In the above manipulations we have created and worked with few groups that were there in our dataset, based upon which we were able to derive few insights.

In [None]:
# Let us now work with relationships.
# Relationship: Price vs. Room Type
# Checking the distribution of prices for different room types.
# "room_groups" is our grouped dataframe we will be using this.

avg_room_price = []
for room, data in room_groups:
  avg_room_price.append(data['price'].mean())

room_vs_price = pd.DataFrame({
    'Room Type': rooms,
    'Avg_Price': avg_room_price
})

room_vs_price

# As we can see here the Entire home/apt is having the highest pricing.

In [None]:
# Relationship: Reviews per Month vs. Room Type
# Comparing the distribution of reviews per month for different room types.

total_reviews = []
for room, data in room_groups:
  total_reviews.append(data['reviews_per_month'].sum())

room_vs_reviews = pd.DataFrame({
    'Room Type': rooms,
    'Reviews': total_reviews
})

room_vs_reviews
# As we can see here the Entire home/apt is having the highest no. of reviews per month.

### What all manipulations have you done and insights you found?
This dataset was having good amount of well distributed information, which was a plus point for our study. As this dataset if of Airbnb, the locations play a very crucial role in these values and the inforamtion was distributed well as per the locations and their respective areas.

We have done number of manipulations to seek information which can be beneficial for the stake holders to make decisions for the business, not only that our hosts will also get good idea about the preferences of their customers, as we promised in our agenda.

We divided the complete manipulation into 2 major parts, as per the features and the relationships, so that we can draw insights accordingly.

These are the manipulations we followed:-

* Created a new price range column: As this columns will help us to categorize the price distribution and to simplify the judgement for us to get an idea of the budget of our customer, we have tried to keep it as precise as possible.

* Sorted the dataset as per price: As the data wasn't sorted and was not having any significance regaring any value, we sorted it as per the pricing, keep the most expensive ones on the top.


* We filtered the data so that it becomes simple and easy to understand(less chaotic) for us to work only with those columns that are required for the data analysis and feature engineering.


 * Divided the data accoring to the categorical groups to derive insights accordingly, it helped us to identify the outcomes in a structed manner with respect to the considered groups, it provided us with more specific information about the different groups we created so that we can identify insights for each group individually.

  These are the diferent groups we created and worked with:-


*   Created Nighbourhood Group: This group helped us to get an idea of which neighbourhood is the most prefered one in all of the neighbourhoods.


*  Created room type groups: This group helped us to identify which room type is the most prefered by our customers.

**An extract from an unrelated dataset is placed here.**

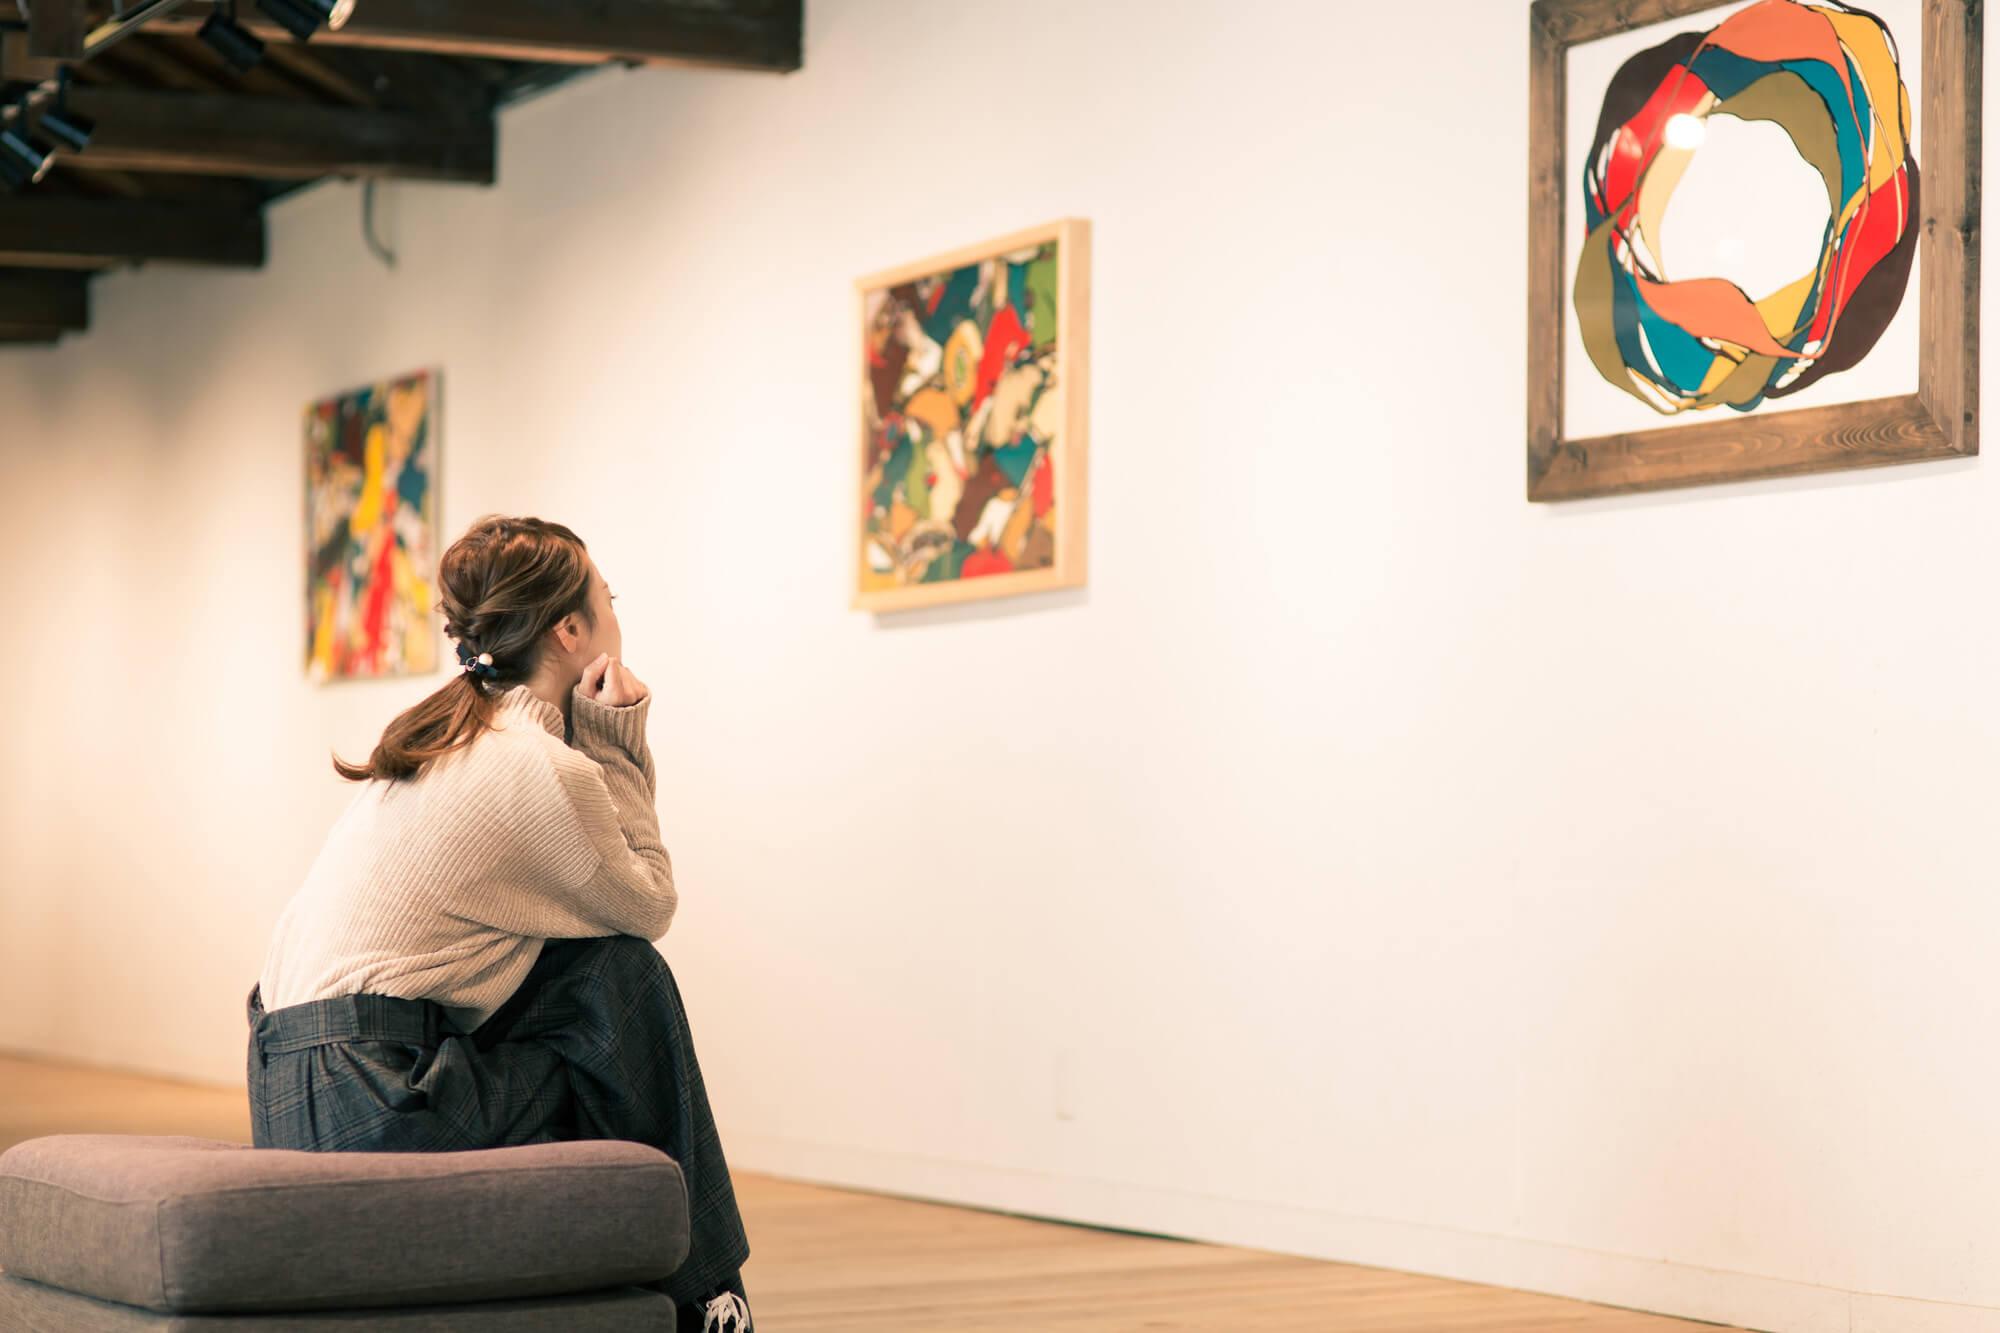 個展や展覧会を鑑賞しているお客。近い将来を見据えているイメージ

*  Created Neighbourhood area groups: This group helped us to identify which is the most prefered area within the neighbourhoods.


We also worked on few of the relationships that helped us in few comparisons that will help our stake holders to make decisions accordingly. These are the relationships we worked with:-


Relationship: Price vs. Room Type


* Checked the distribution of prices for different room types.

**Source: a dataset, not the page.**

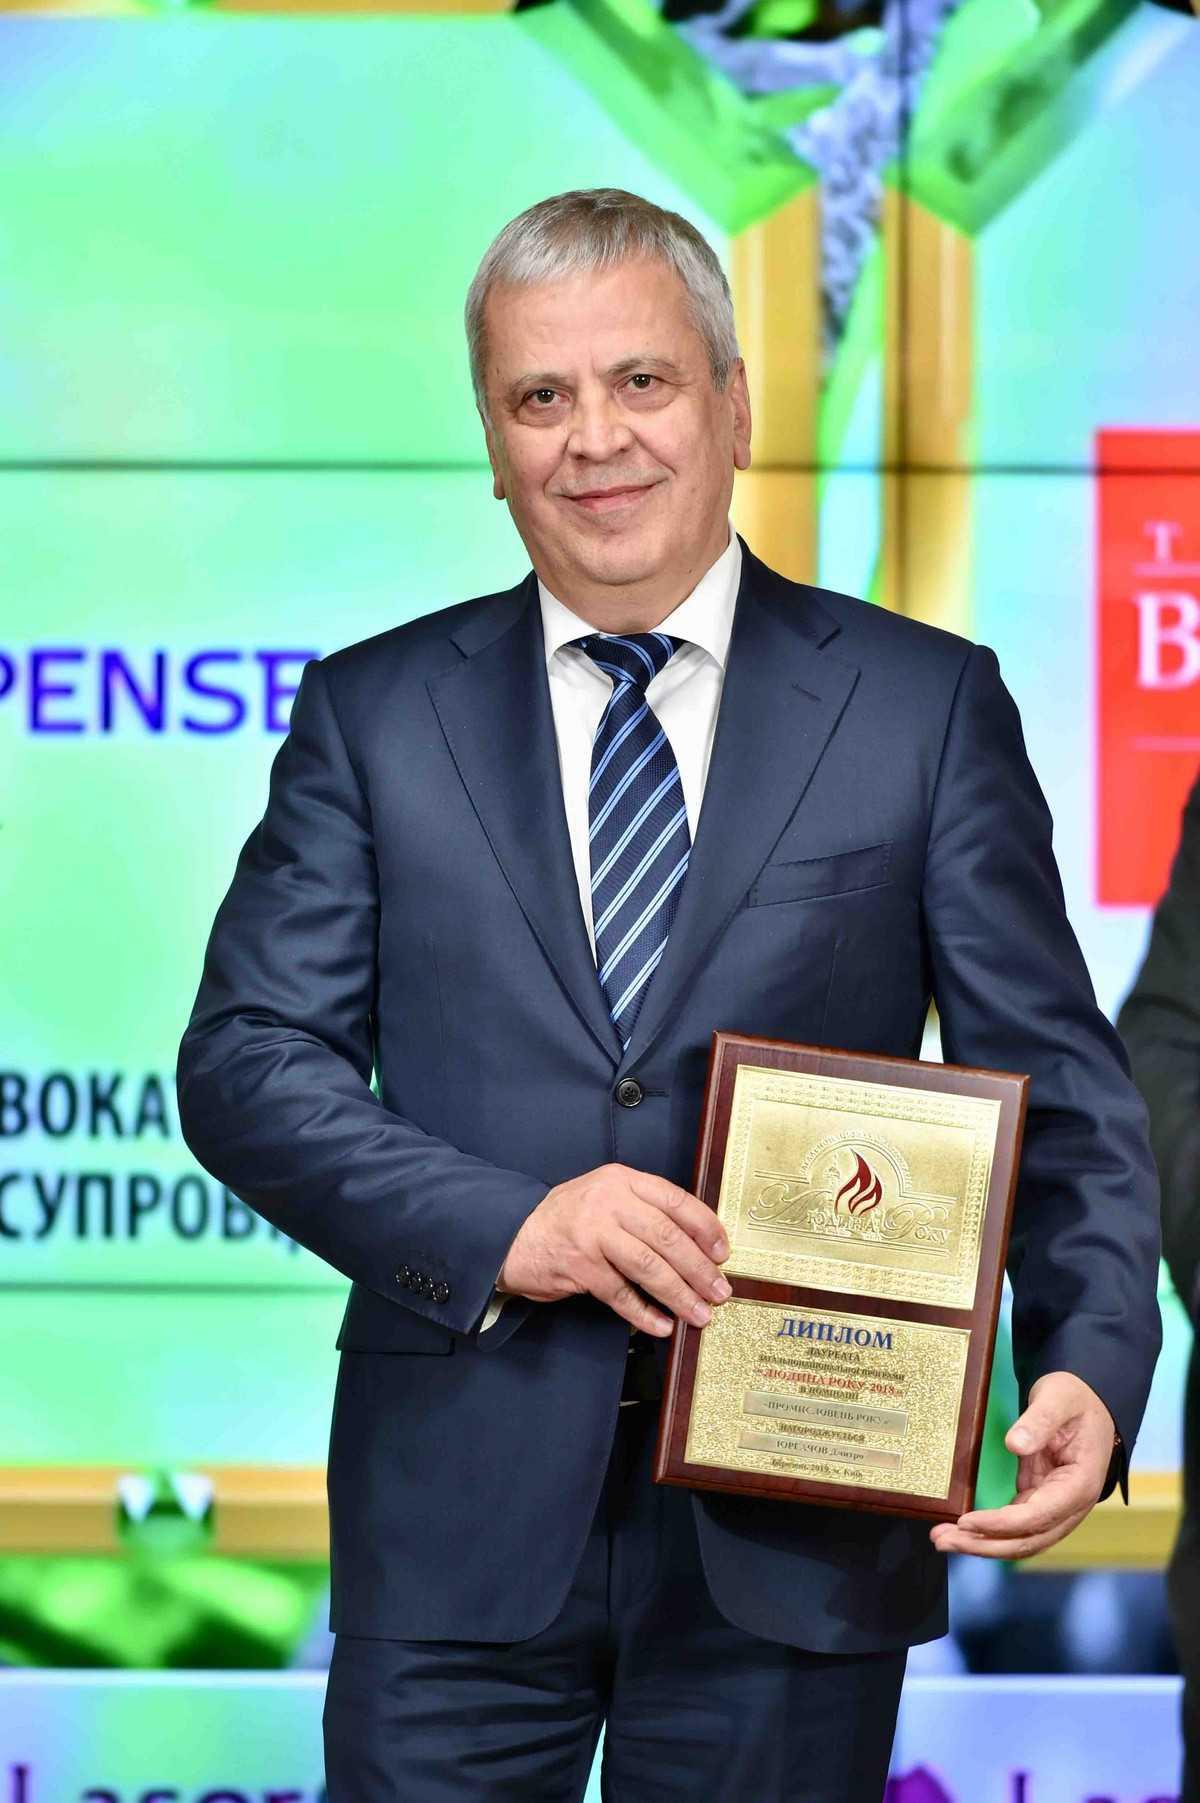 Дмитрий Иоргачев. Номинация – «Промышленник года»

* Determined which room type is having the most expensive price distribution.

Relationship: Reviews per Month vs. Room Type

* Compared the distribution of reviews per month for different room types.

* Explored the level of engagement and satisfaction of our customers as per different room types.

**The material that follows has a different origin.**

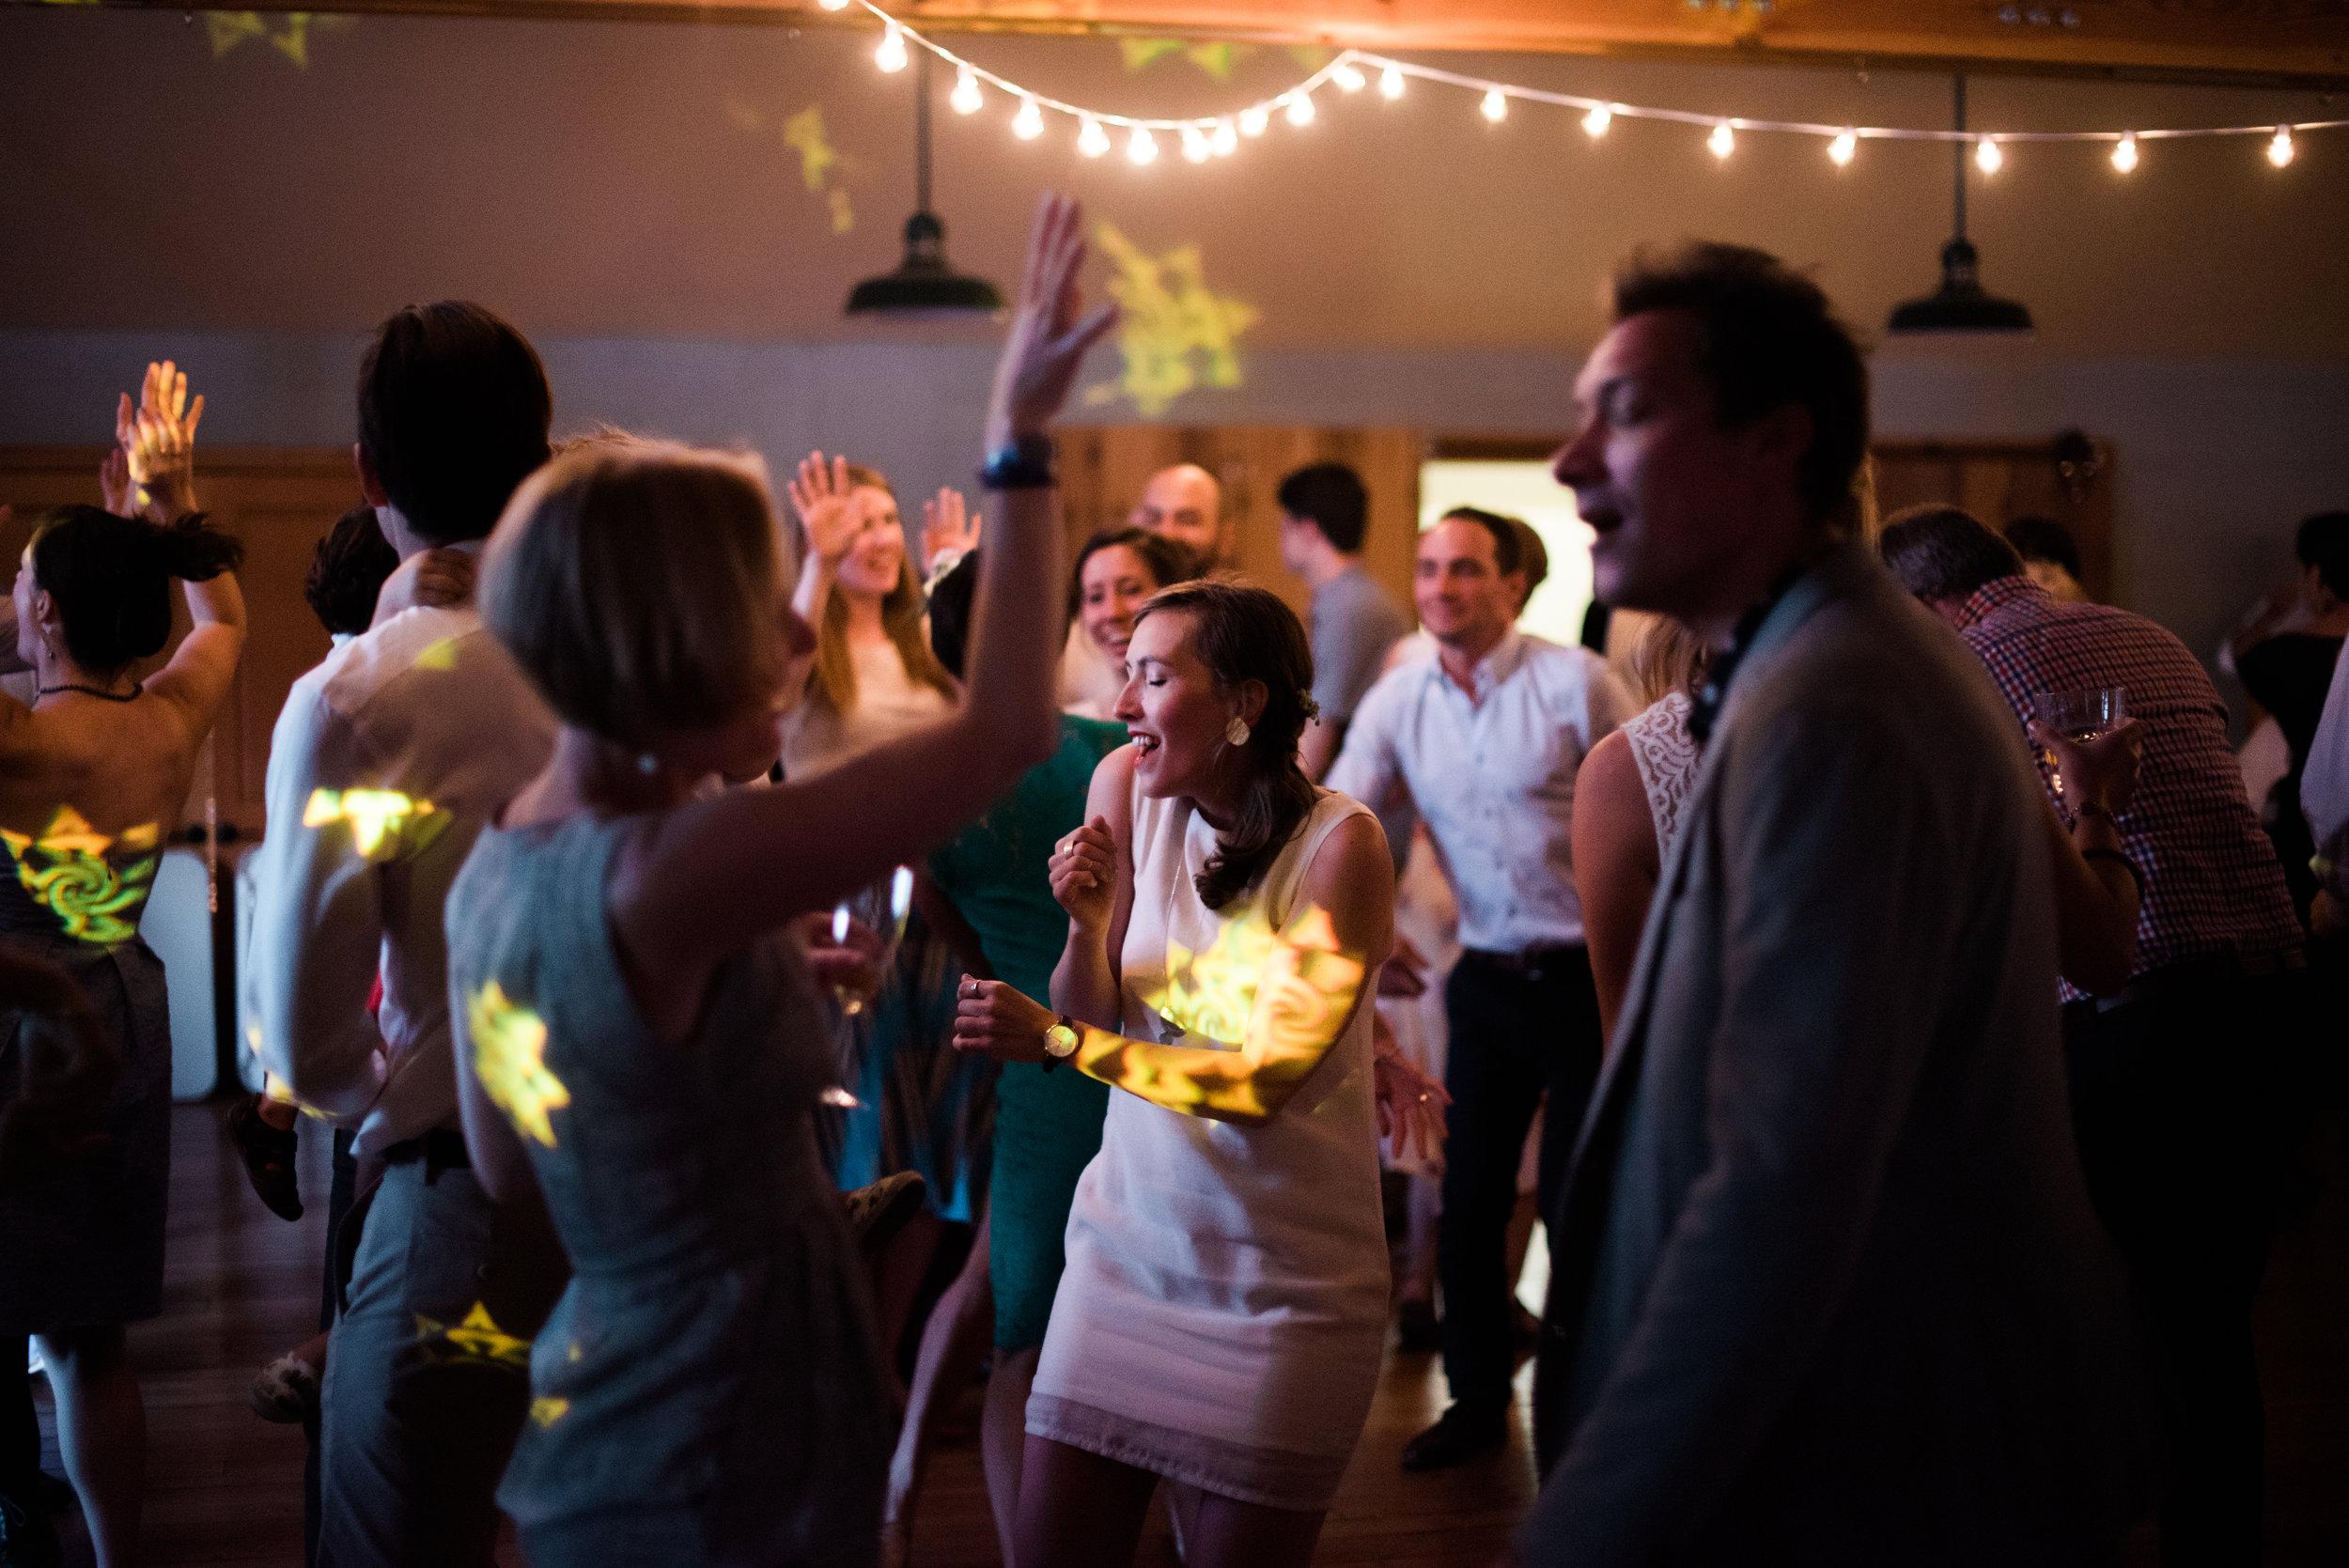 10 Dancing-7221.jpg

Relationship: Price vs. Neighbourhood

* Compared the distribution of prices across different neighbourhoods.

* Identified neighbourhoods with higher or lower average prices and explored price variations as per the areas.

 These are the manipulations that we did in order to derive useful information so that it can contribute into the growth of our business and also the busniness of our hosts, and ultimately grow and improve tavelling experience for our customers.

The specifilly derived insights will be mentioned with the visualisations so that it would be better to understand and visualize at the same time.

## ***4. Data Vizualization, Storytelling & Experimenting with charts : Understand the relationships between variables***

#### Chart - 1

In [None]:
# Chart - 1 visualization code
# Let's visualize the most prefered neighbourhood group with a bar chart

group_feat_df # As we have already created a dataframe for the groups

plt.figure(figsize=(10,5))
# plt.plot(groups,listings, color='black', marker = "o", markerfacecolor = 'blue', markeredgecolor='blue',linestyle='-')
colors = ['red', 'blue', 'green', 'orange', 'purple'] # To make each bar with a different color
sns.barplot(x="Group", y='Listing Count', data=group_feat_df, hue='Group', palette=colors, legend=False)
plt.xlabel('Groups')
plt.ylabel('Listing Counts')
plt.title('Most prefered neighbourhood')
for x, y in zip(range(len(groups)), listings):
    plt.text(x, y, f'{y}', ha='center', va='bottom') # To annotate each bar with the exact value

##### 1. Why did you pick the specific chart?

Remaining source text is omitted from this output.